ValueError: The last dimension of the inputs to a Dense layer should be defined. Found None-CodePudding

I'm playing around a bit with Tensorflow 2.7.0 and its new TextVectorization layer. However, something does not work quite right in this simple example:

import tensorflow as tf
import numpy as np

X = np.array(['this is a test', 'a nice test', 'best test this is'])

vectorize_layer = tf.keras.layers.TextVectorization()
vectorize_layer.adapt(X)
emb_layer = tf.keras.layers.Embedding(input_dim=vectorize_layer.vocabulary_size() 1, output_dim=2, input_length=4)
flatten_layer = tf.keras.layers.Flatten()
dense_layer = tf.keras.layers.Dense(1)


model = tf.keras.models.Sequential()
model.add(vectorize_layer)
model.add(emb_layer)
model.add(flatten_layer)
#model.add(dense_layer)

model(X)

This works so far. I make ints out of words, embed them, flatten them. But if I want to add a Dense layer after flattening (i.e. uncomment a line), things break, and I get the error message from the question title. I even used the input_length parameter of the Embedding layer because the documentation says that I should specify this when using embedding->flatten->dense. But it just does not work.

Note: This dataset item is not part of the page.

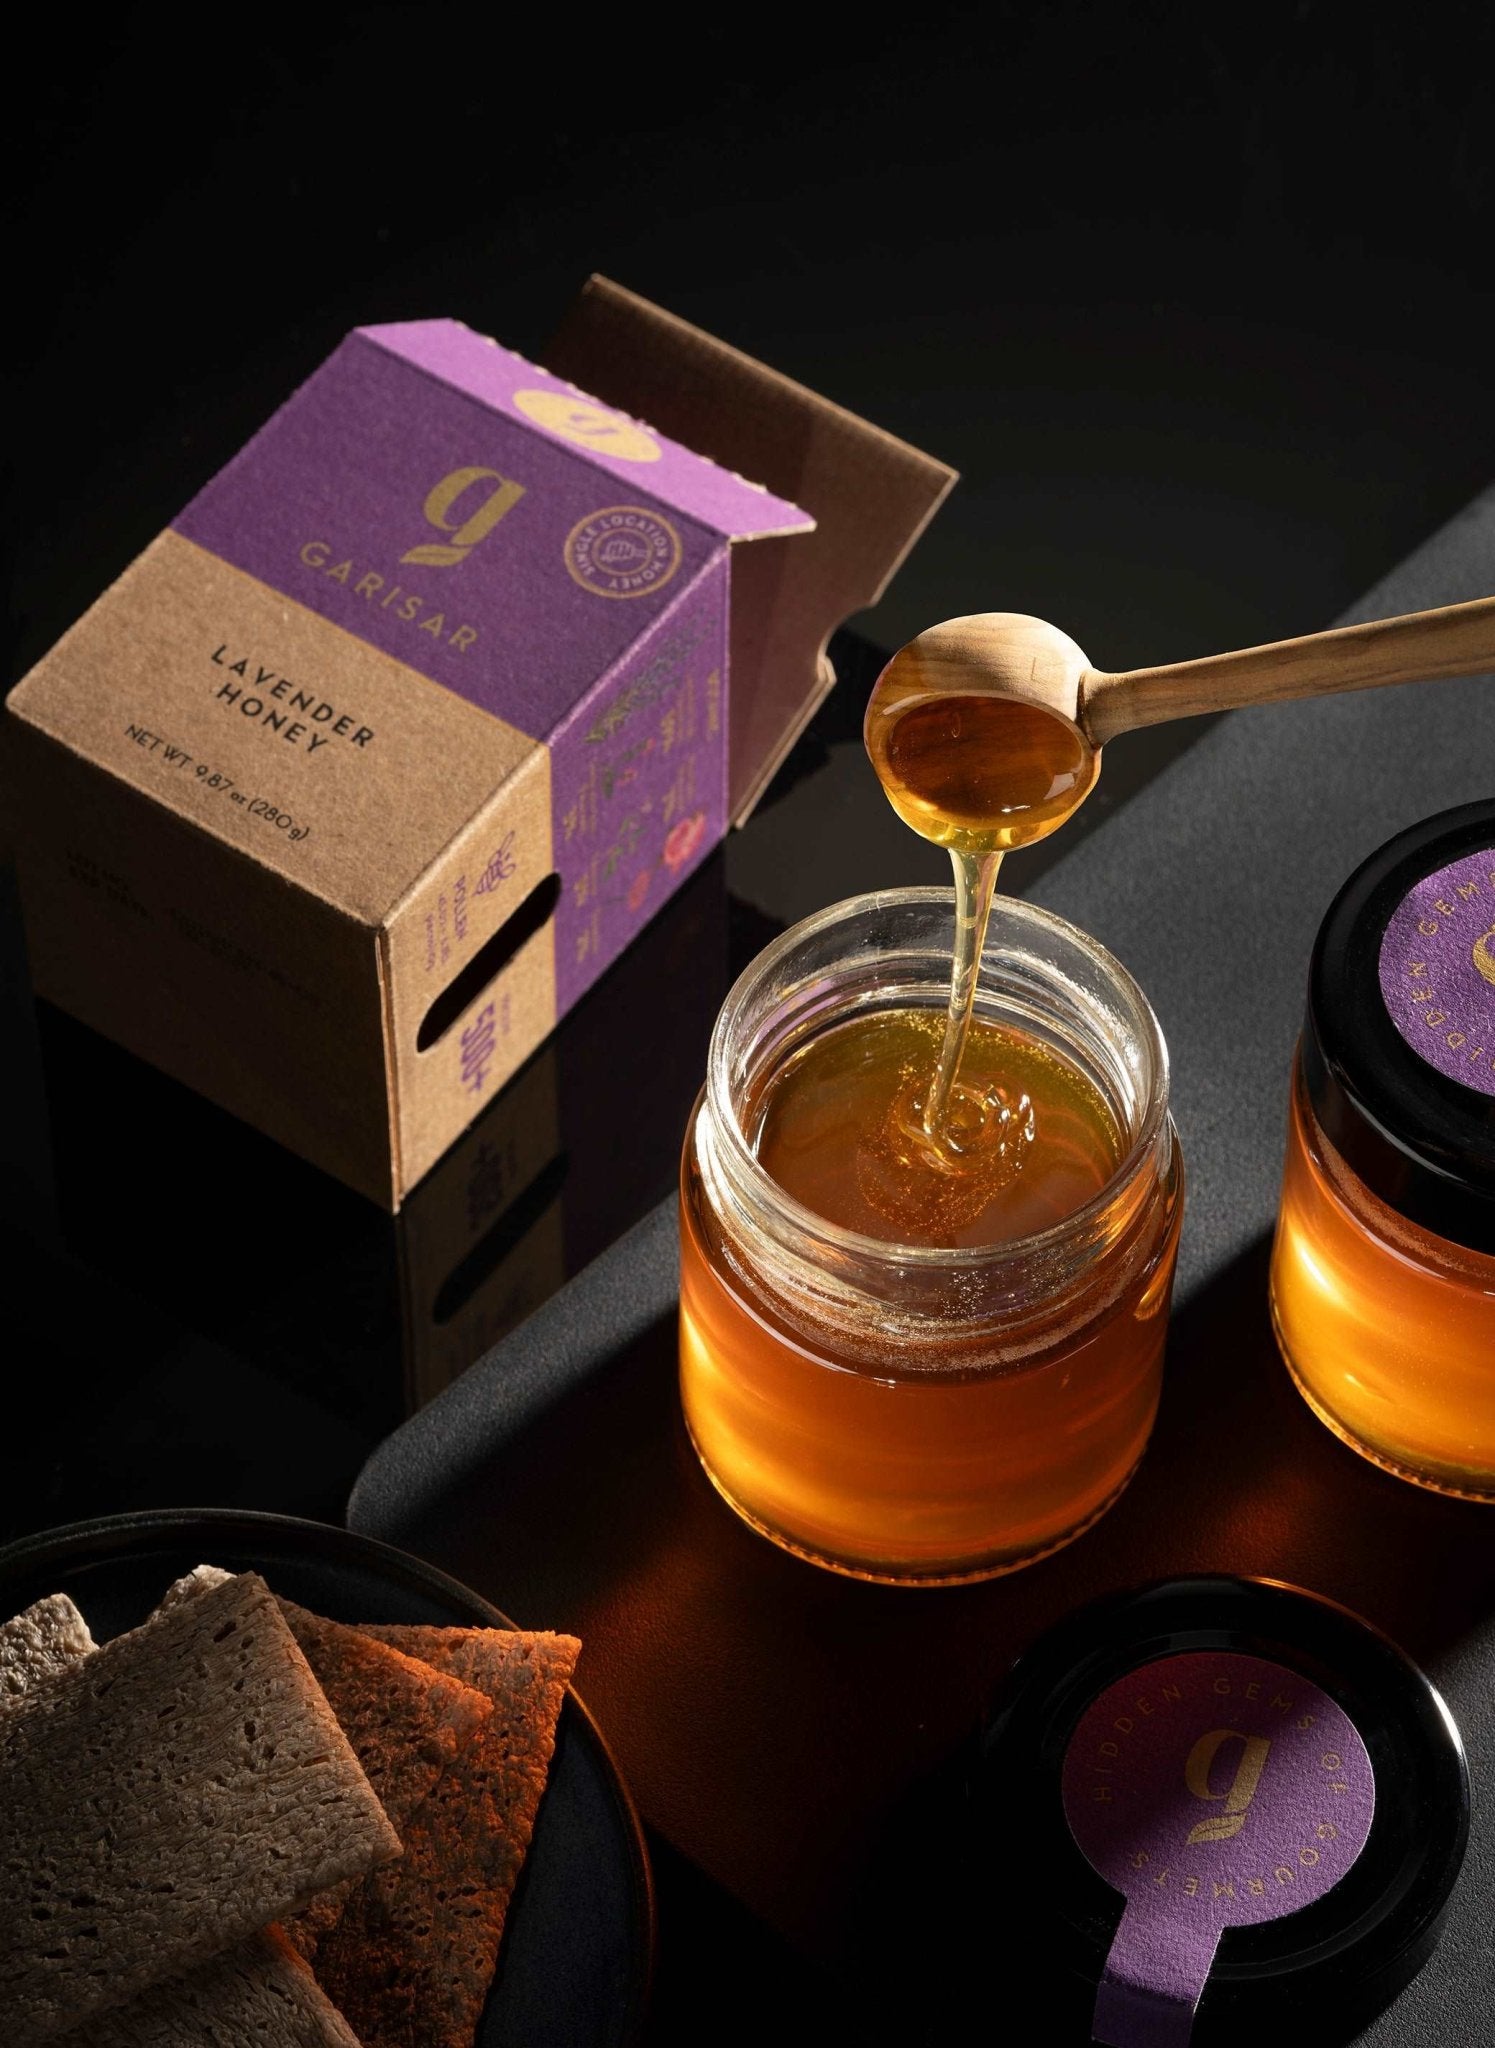 Garisar Lavender Honey - Garisar

Do you know how I can get it to work using Flatten and not something like GlobalAveragePooling1D?

Thanks a lot!

CodePudding user response：

You need to define a max length for the sequences.

vectorize_layer = tf.keras.layers.TextVectorization(output_mode = 'int',
                                                    output_sequence_length=10)

If you check model.summary(), output shape of the TextVectorization will be (None, None).

First None indicates that model can accept any batch size, and the second one indicates that any sentence that is passed to TextVectorization will not be truncated or padded. So the output sentence can have variable length.

Example:

import tensorflow as tf
import numpy as np

X = np.array(['this is a test', 'a nice test', 'best test this is'])

vectorize_layer = tf.keras.layers.TextVectorization(output_mode = 'int')
vectorize_layer.adapt(X)

model = tf.keras.models.Sequential()
model.add(vectorize_layer)

model(np.array(['this is a test']))
>> <tf.Tensor: shape=(1, 4), dtype=int64, numpy=array([[3, 4, 5, 2]])>

model(np.array(['this is a longer test sentence']))
>> <tf.Tensor: shape=(1, 6), dtype=int64, numpy=array([[3, 4, 5, 1, 2, 1]])>

Redefining it:

vectorize_layer = tf.keras.layers.TextVectorization(output_mode = 'int',
                                                    output_sequence_length = 5)

model(np.array(['this is a longer test sentence']))
>> <tf.Tensor: shape=(1, 5), dtype=int64, numpy=array([[3, 4, 5, 1, 2]])>

model(np.array(['this is']))
>> <tf.Tensor: shape=(1, 5), dtype=int64, numpy=array([[3, 4, 0, 0, 0]])>

Defining output_sequence_length to a number will make sure the outputs' lengths are a fixed number.